As this article posts, if you haven’t made final preparations to attend the Eric P. Newman Collection Part V auction, hop on a jet, or, if you are within driving distance, get in your car, and make a beeline for the Big Apple. For everybody else, get online and view the tremendous auction catalog. This sale pedigreed to the noted numismatist and researcher extraordinaire is indeed a treasure. Featuring superb iconic Colonial issues, this event, will certainly get the temperature and bidding paddles rising for everyone that enjoys and revels in this segment of numismatics. Coins from our country’s proud pre- and post-Revolutionary era, as well as Federal rarities which have not been on the market for untold decades, will be available for expert collectors and dealers to wage battle for the nearly thousand lots in this remarkable event. Held at the historic Waldorf Astoria in New York City, this sale offers a few of my favorite NGC-certified highlights, and will be biased towards Colonial installments.
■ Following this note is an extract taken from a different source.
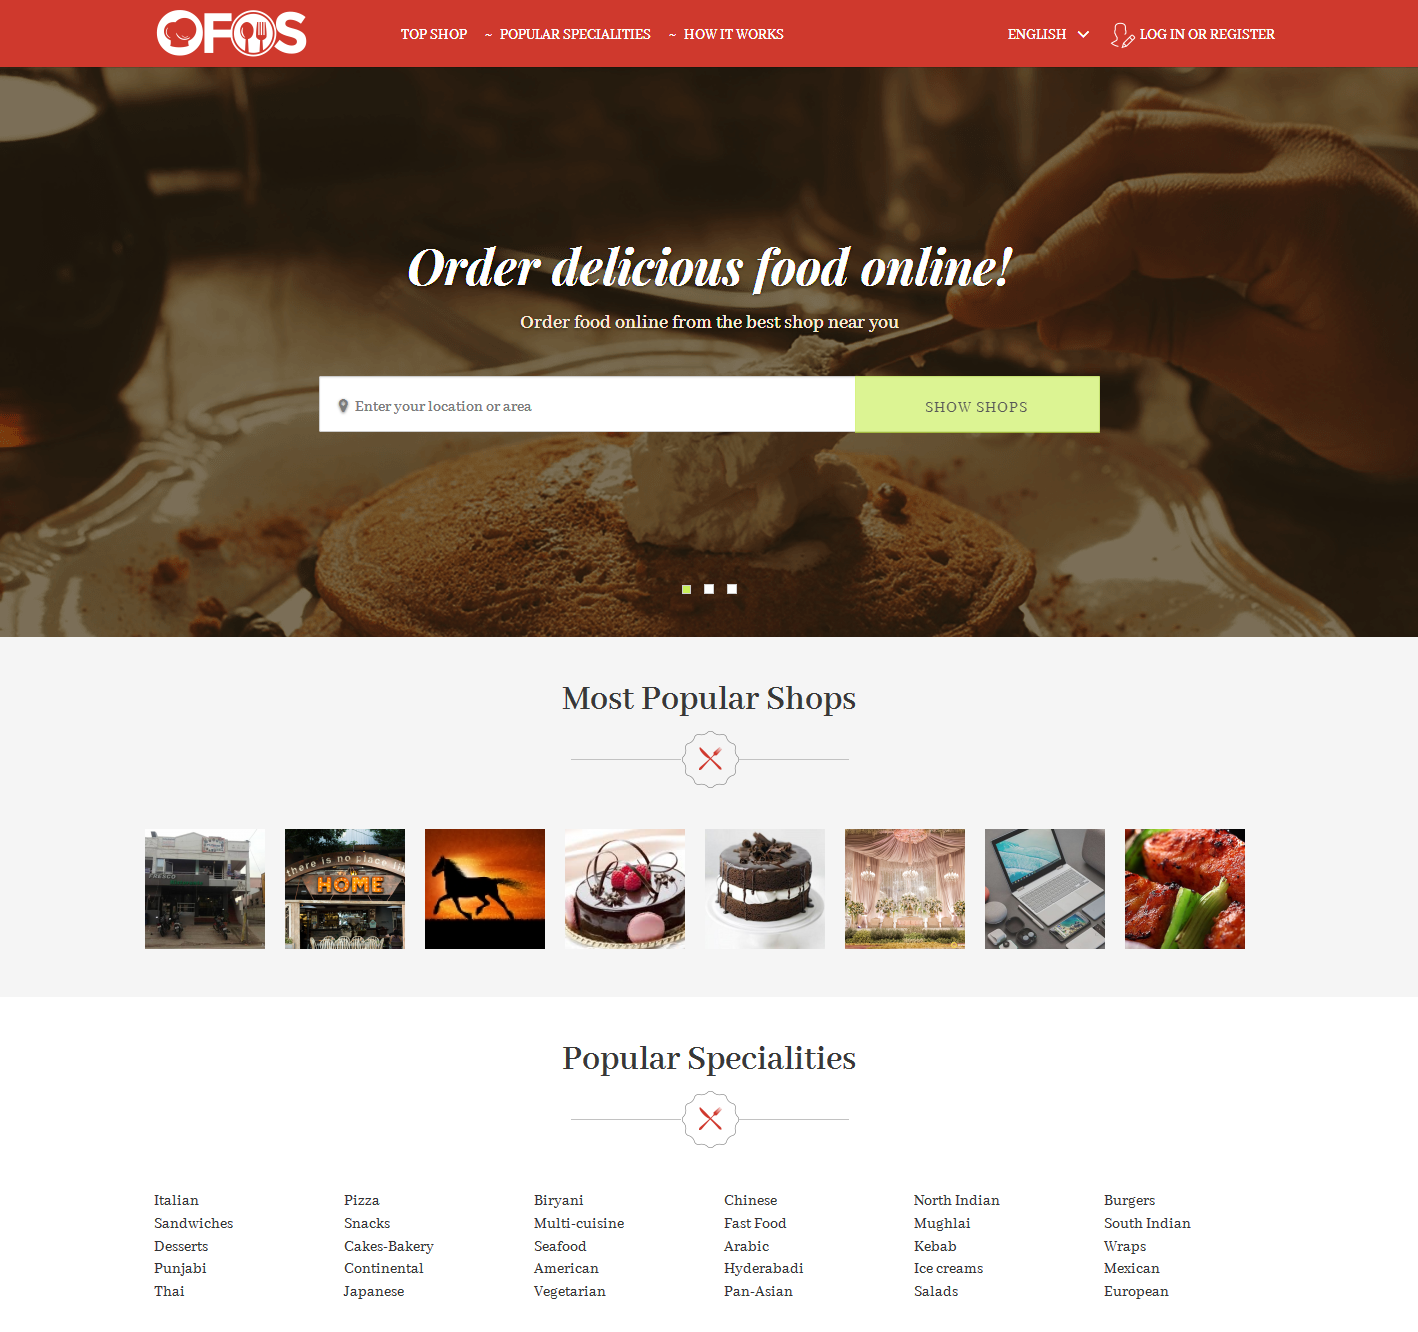 GitHub - agriya/OFOS: OFOS is an open source Online Food

  • 1776 New Hampshire Pine Tree Copper NGC VG 8 (About the finest one could hope to find. Mr. Newman paid the princely sum of $300 for this coin.)
  • 1776 Brass Continental Dollar NGC MS 62
  • 1787 Raised Rims, Cross After Date Fugio Copper Cent NGC MS 64 BN
  • 1787 Liber Natus, Indian Excelsior Copper NGC AU 50
  • 1783 Large Date Chalmers Sixpence NGC AU 55
  • 1792 Eagle & Stars Reverse Washington Cent NGC XF 40
  • 1792 Plain Edge Washington Getz Pattern Cent NGC MS 64 BN
  • 1786/5 Large Stars Immunis Columbia Confederatio NGC MS 64 BN
  • 1793 Liberty Cap Cent NGC AU 53
  • 1794 Flowing Hair Dollar NGC AU 50 (Matthew Stickney specimen. This superbly toned, well-centered full-dated first US Silver Dollar has been off the market and hasn’t made an auction appearance in 104 years. The venerable Mr. Newman purchased the coin for $600.)
  • 1825 Capped Bust Quarter Eagle NGC MS 65
  • 1855 Wass Molitor $50 NGC MS 61

Wow, what a sale! Enjoy the last of the fall season, my friends.

Until next time, happy collecting!

Jim Bisognani has written extensively on US coin market trends and values and was the market analyst and writer for a major pricing guide for many years. He currently resides in Southern California and frequently attends major coin shows and auctions.